Security Testing Tools
GraphQL Cop
Security auditing for GraphQL endpoints
• Introspection detection
• Query complexity analysis
• Common vulnerability scanning
• Automated testing
InQL
GraphQL security scanner
• Schema analysis
• Mutation testing
• Authorization bypass detection
• Burp Suite integration
GraphQL Voyager
Schema visualization and analysis
• Schema structure mapping
• Relationship analysis
• Security hotspot identification
• Interactive exploration
GraphQL Security Review Checklist
🔍 Complete Security Review Checklist
Authorization: Field-level access controls implemented, not just query-level
Query Complexity: Depth limiting and cost analysis configured
N+1 Prevention: DataLoaders or equivalent batching implemented
Rate Limiting: Query complexity-based rate limiting enabled
Error Handling: Production errors sanitized, no stack traces exposed
Introspection: Disabled in production environments
Query Validation: Input validation and sanitization implemented
Monitoring: Query performance and security metrics trackedAdvanced Security Patterns
Beyond basic security measures, advanced GraphQL applications require sophisticated patterns to handle complex authorization scenarios and performance optimizations.
Query Whitelisting
🔒 Production Query Control
Query whitelisting allows only pre-approved queries to execute in production, providing the highest level of security but reducing flexibility.

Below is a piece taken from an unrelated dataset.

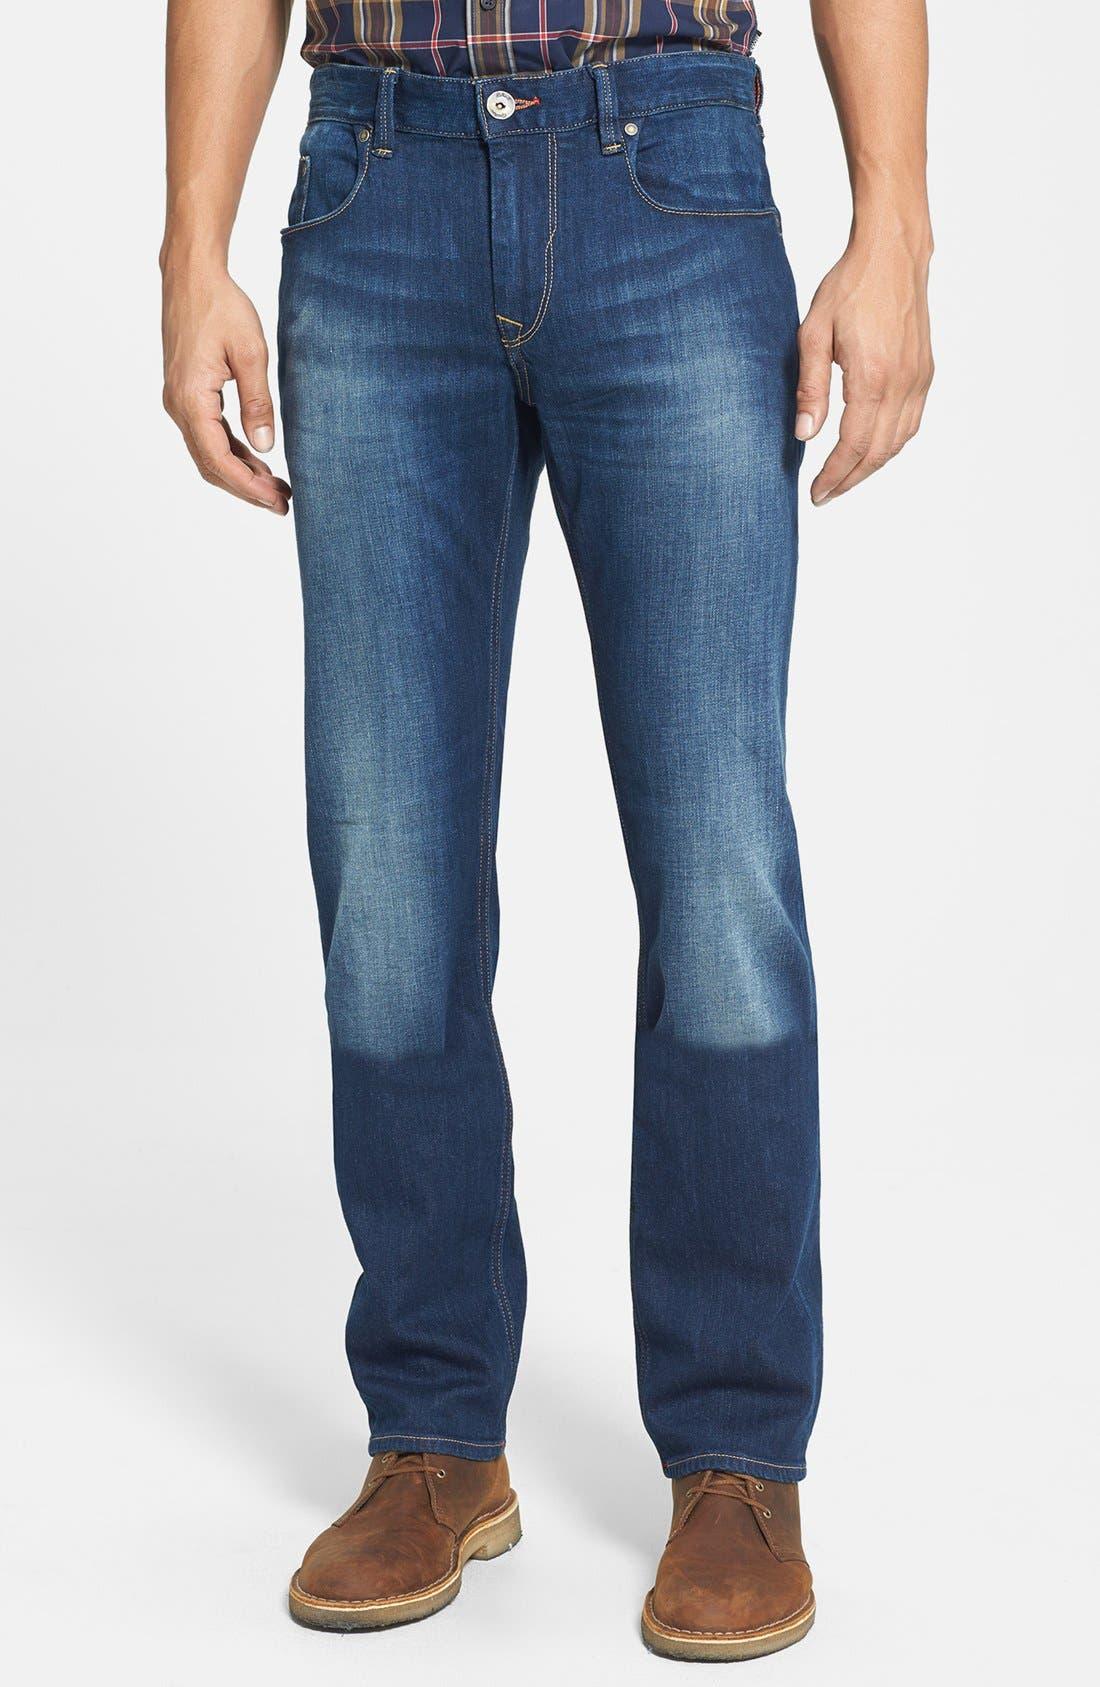 Alternate Image 1 Selected - Robert Graham 'Upside Down' Slim Fit Straight Leg Jeans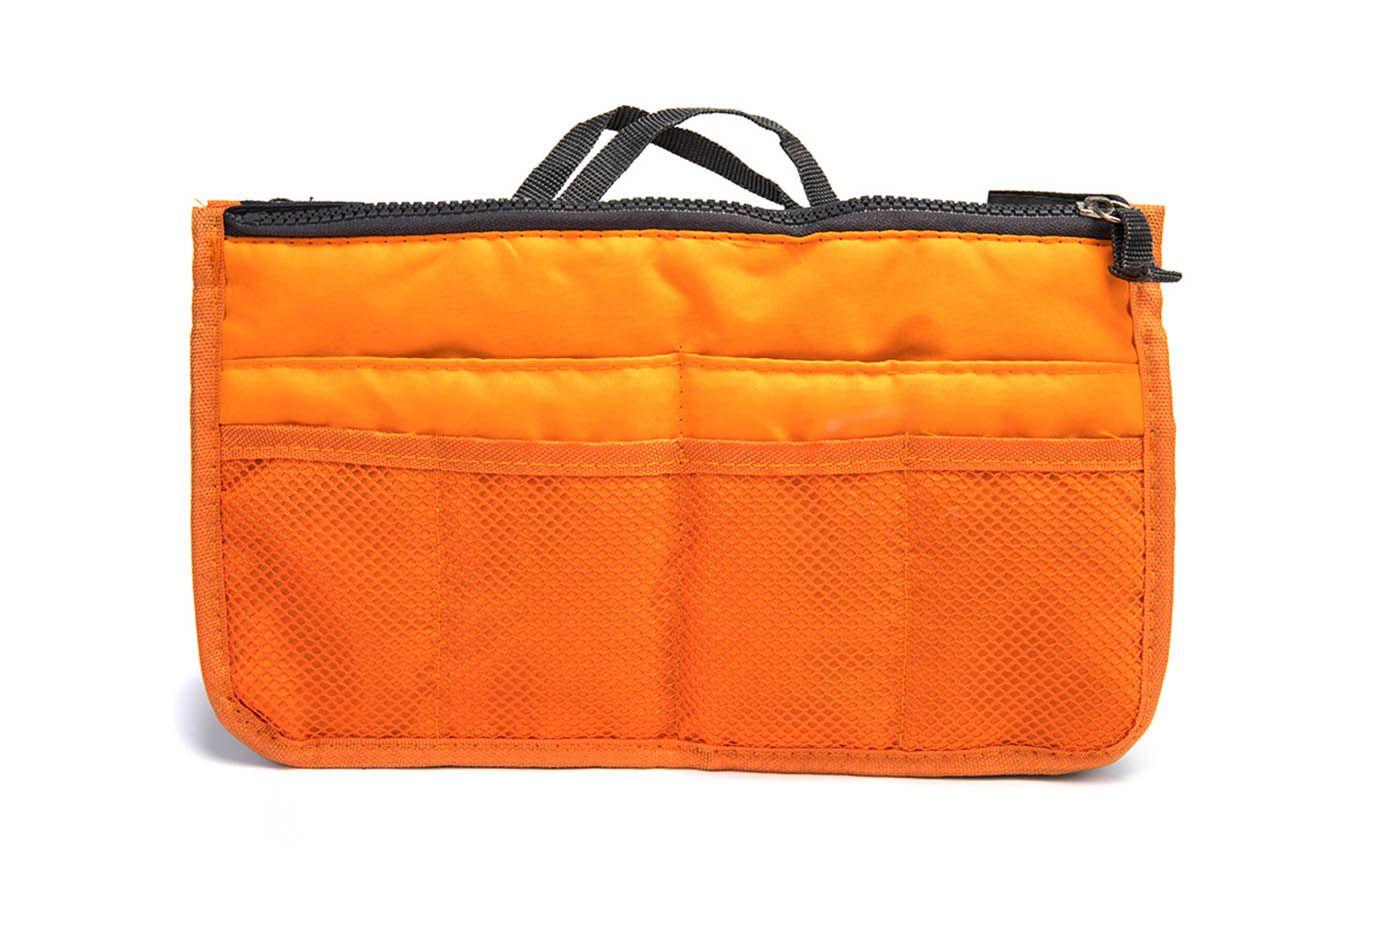 Сумка-органайзер Bradex TD 0504, оранжевый аксессуар органайзер bradex сумка в сумке grey td 0339

const server = new ApolloServer({
typeDefs,
resolvers,
validationRules: [
require('graphql-query-whitelist')({
whitelist: allowedQueries,
throwError: true
})
]
});
Resource-Based Authorization
🏗️ RBAC Implementation
- • Role-based field access
- • Dynamic permission evaluation
- • Context-aware authorization
- • Resource ownership checks
🎯 ABAC Patterns
- • Attribute-based decisions
- • Policy engine integration
- • Multi-factor authorization
- • Time-based access controls
🔐 GraphQL security requires a schema-first, defense-in-depth approach.